▸ **Recorded information**
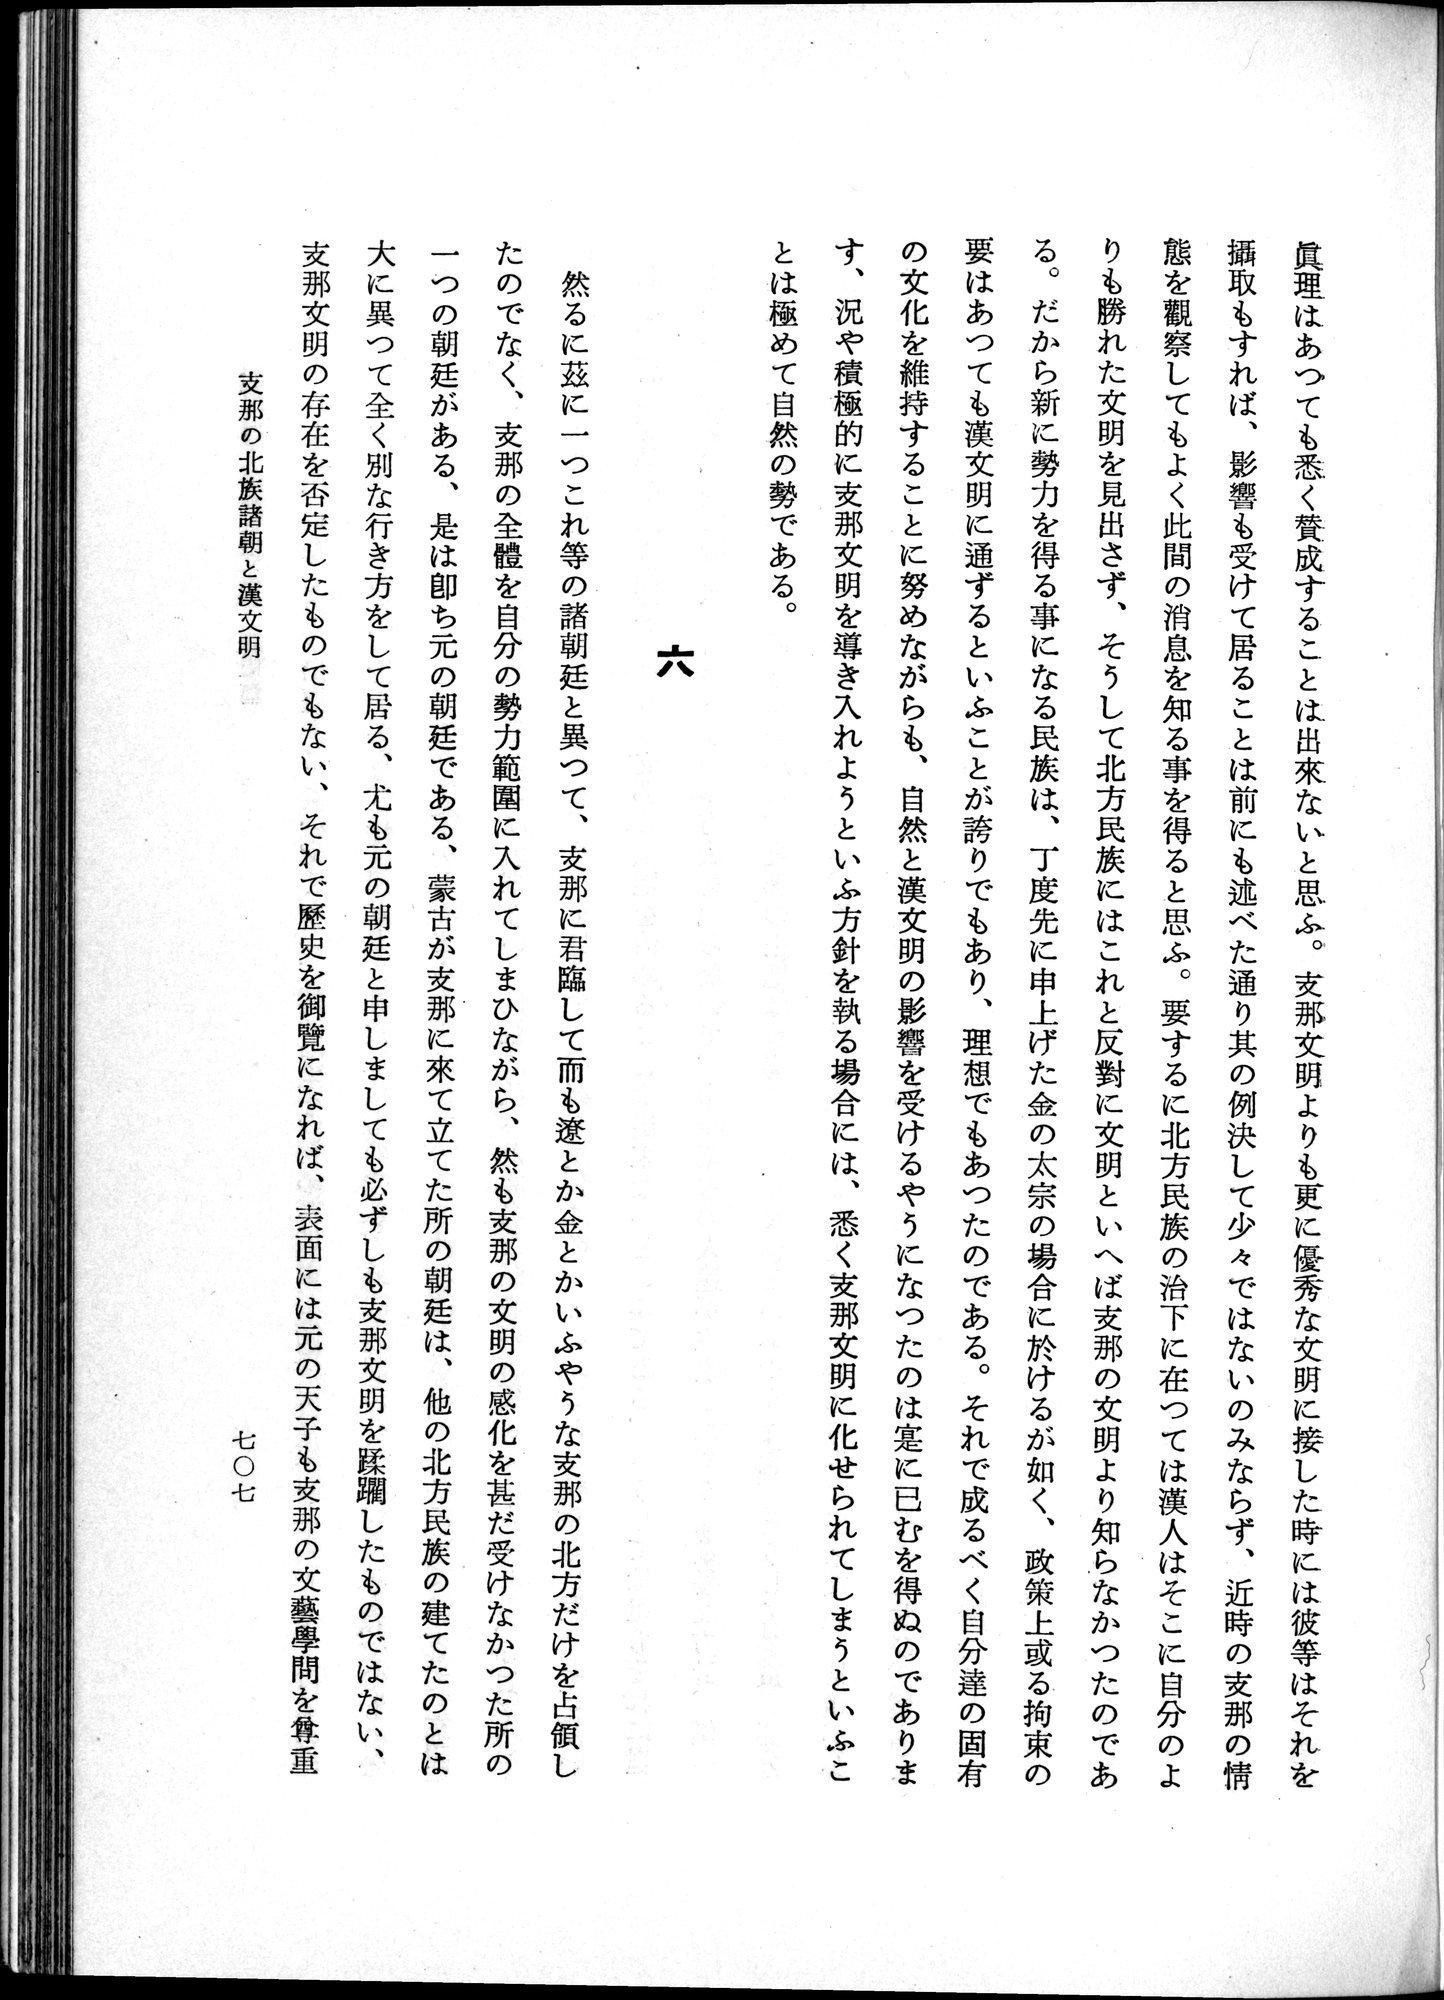 羽田博士史学論文集 : vol.1 / Page 745 (Grayscale High Resolution Image)
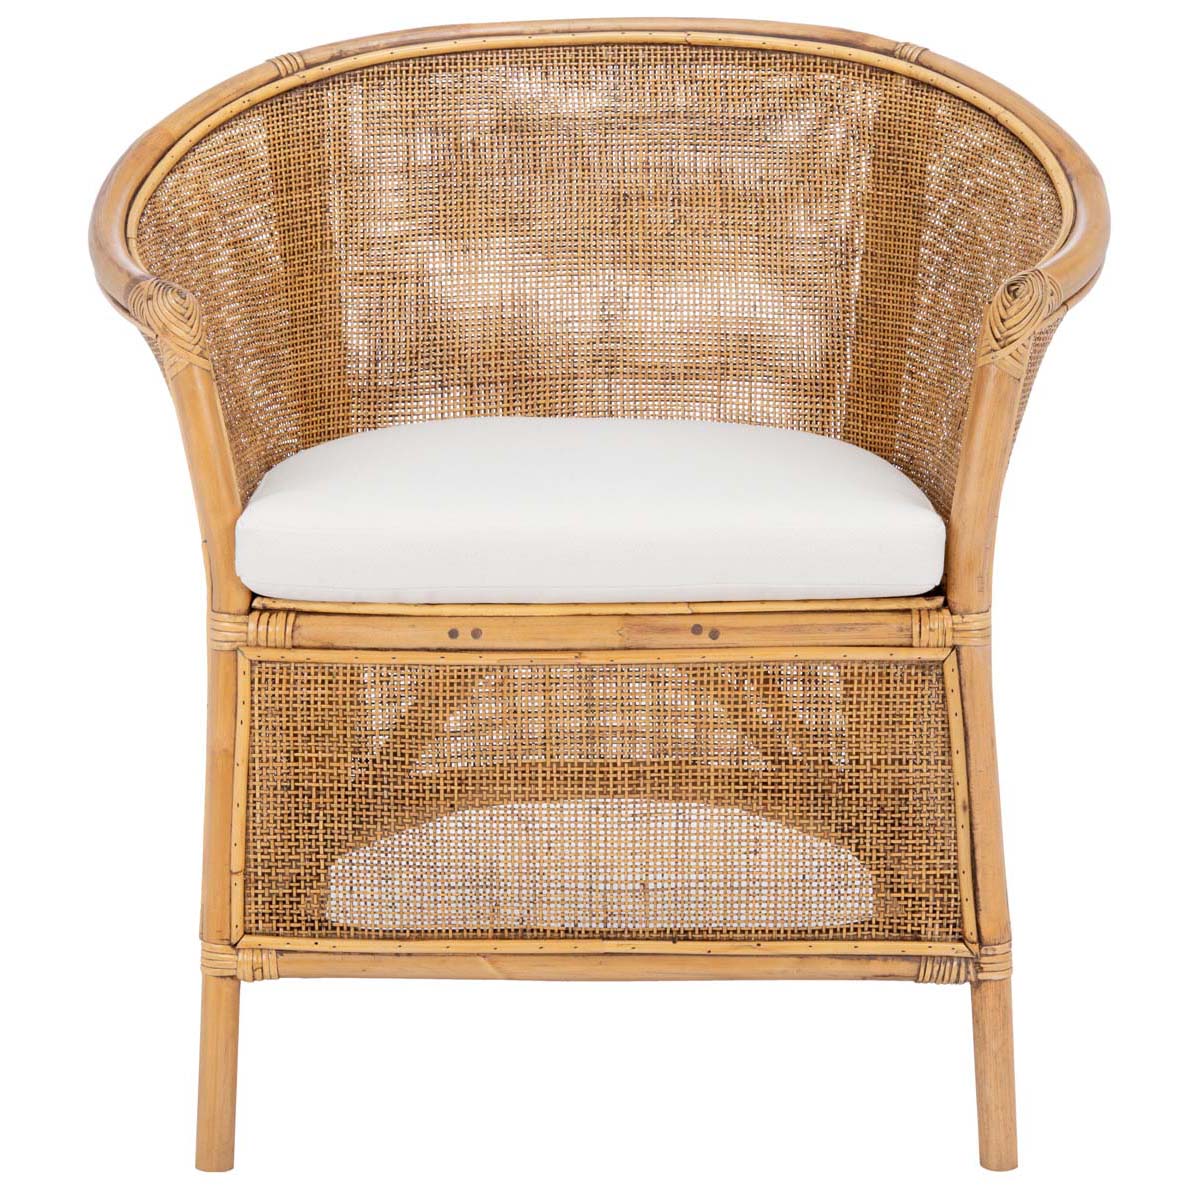 Safavieh Jessica Rattan Accent Chair W/ Cushion , ACH6519 - Honey Brown Wash/White
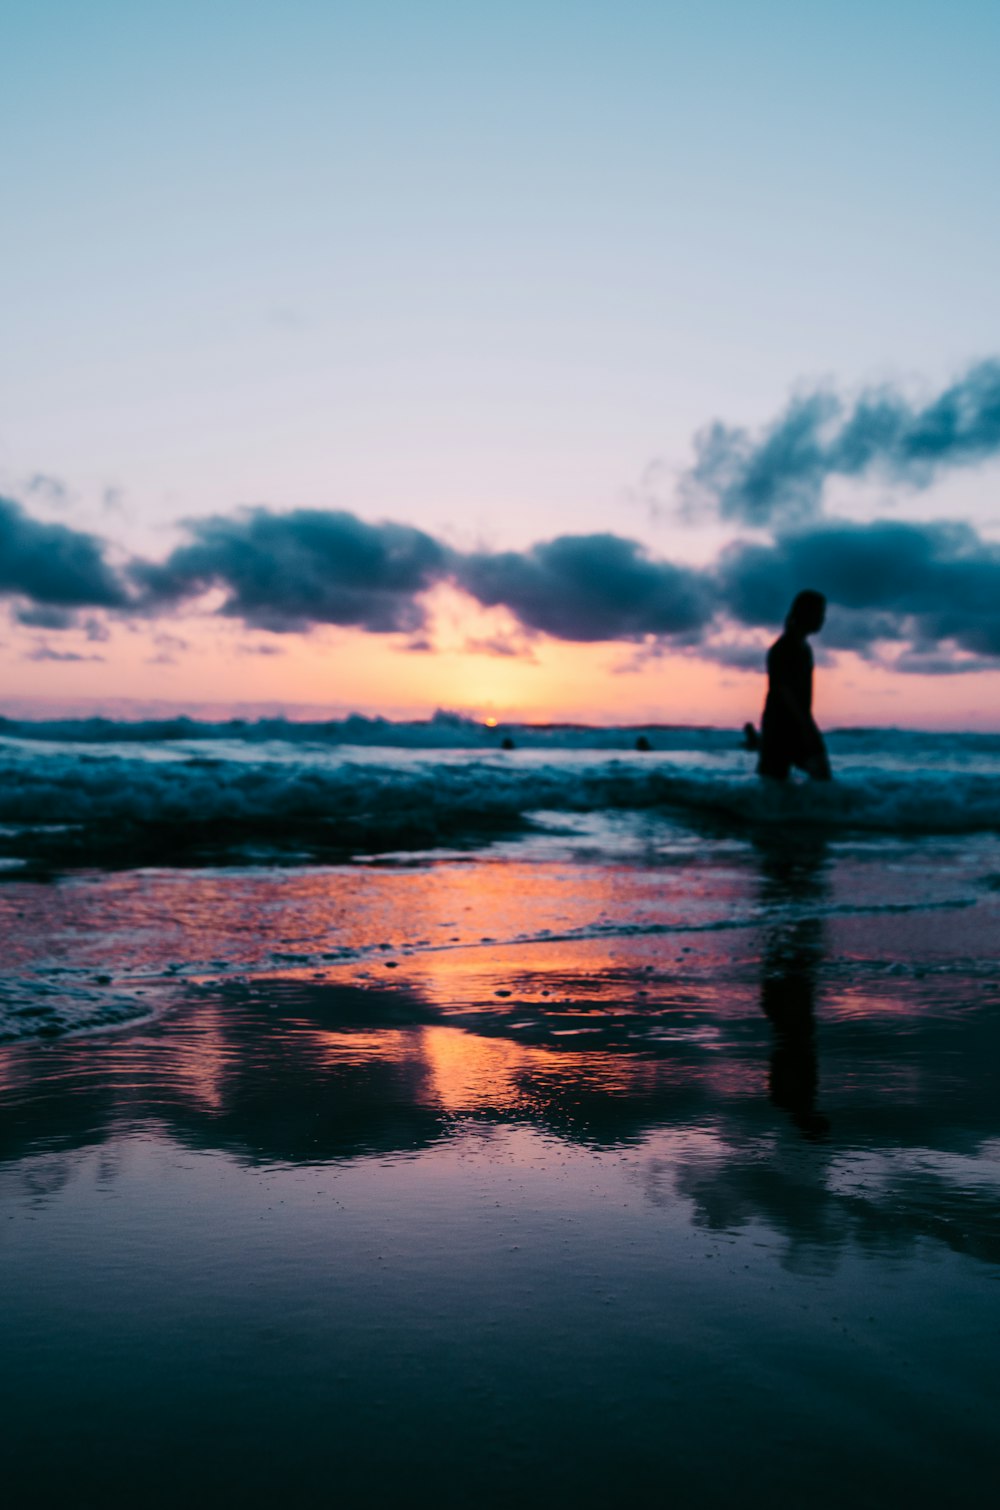 Foto de la silueta de una persona que camina en la orilla del mar bajo el cielo nublado durante la hora dorada
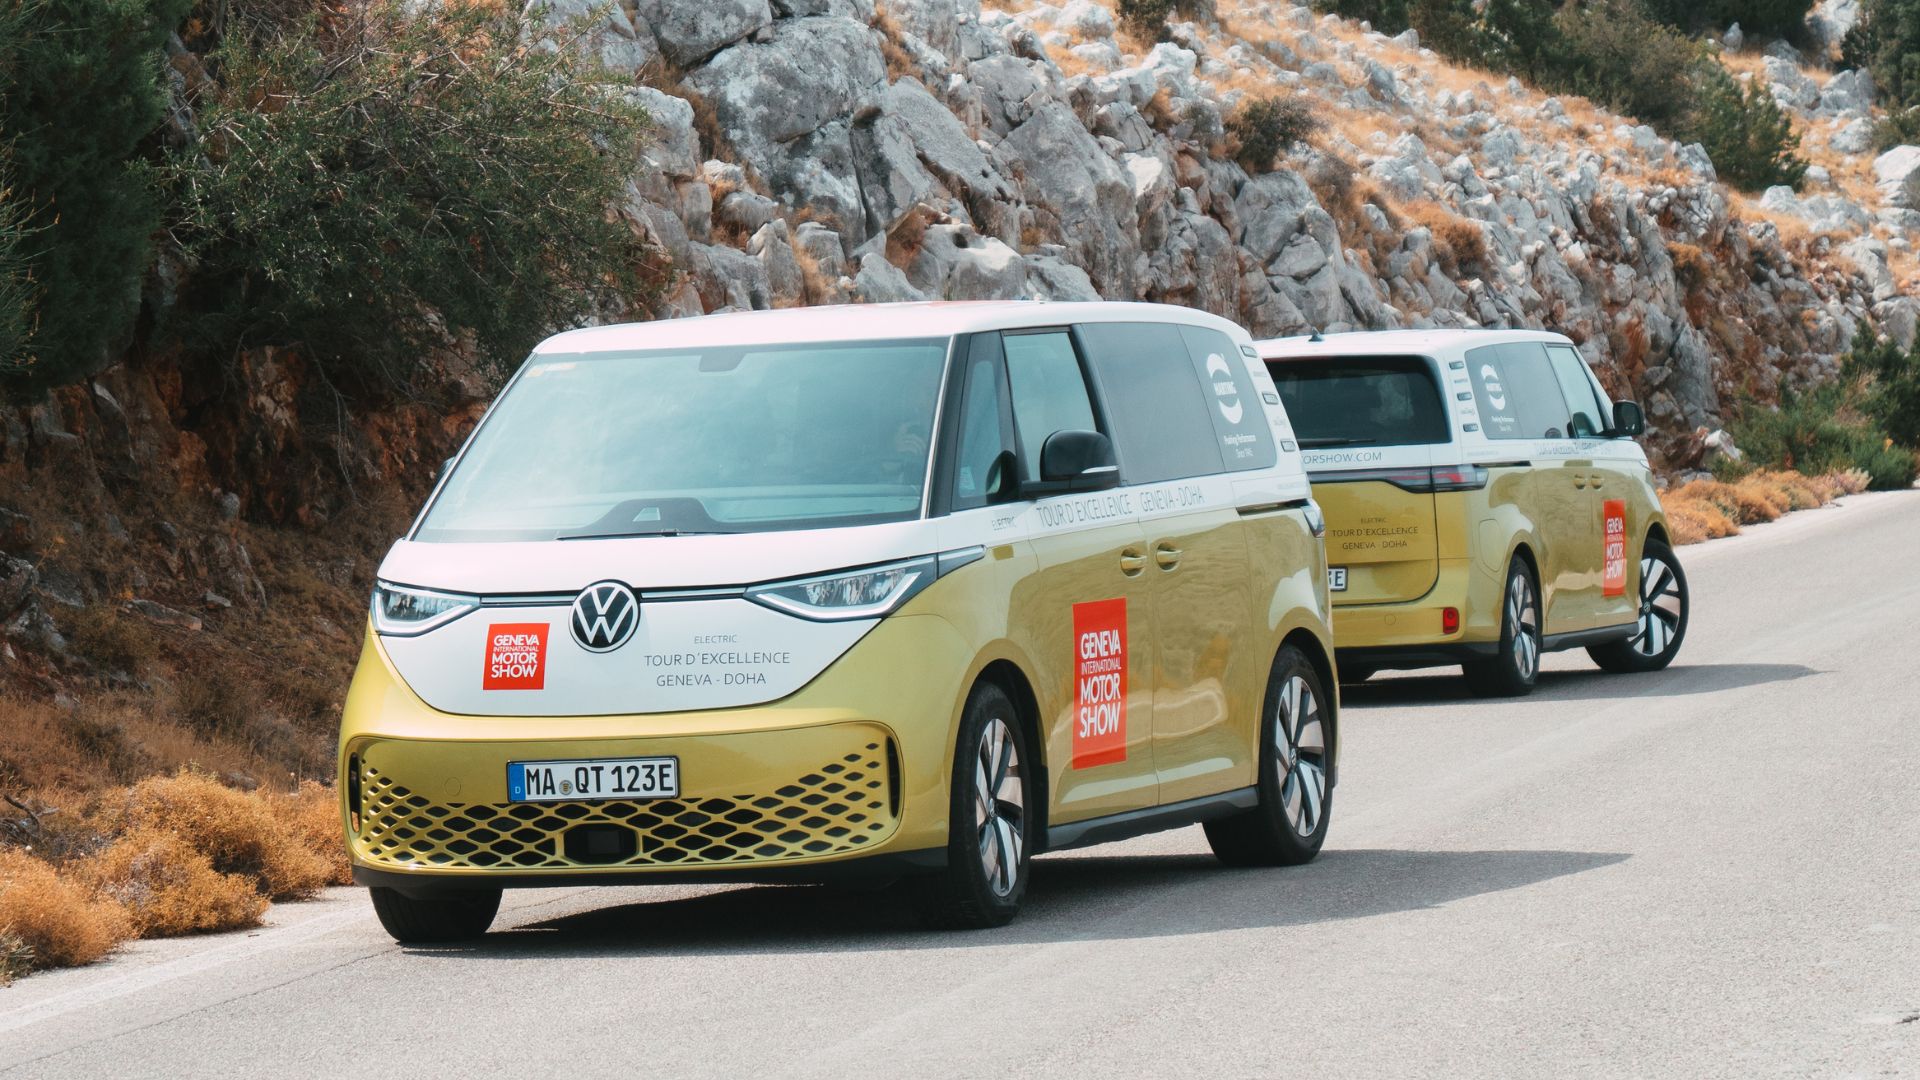 Tour d’Excellence: Ένα απίστευτο ταξίδι για 2 Volkswagen ID. Buzz

▸ **About this task**
The response must match the listing exactly, except that pictures are removed.

▸ **Expected output**
 羽田博士史学論文集 : vol.1 / Page 745 (Grayscale High Resolution Image)
 Safavieh Jessica Rattan Accent Chair W/ Cushion , ACH6519 - Honey Brown Wash/White
 Foto de la silueta de una persona que camina en la orilla del mar bajo el cielo nublado durante la hora dorada
 Tour d’Excellence: Ένα απίστευτο ταξίδι για 2 Volkswagen ID. Buzz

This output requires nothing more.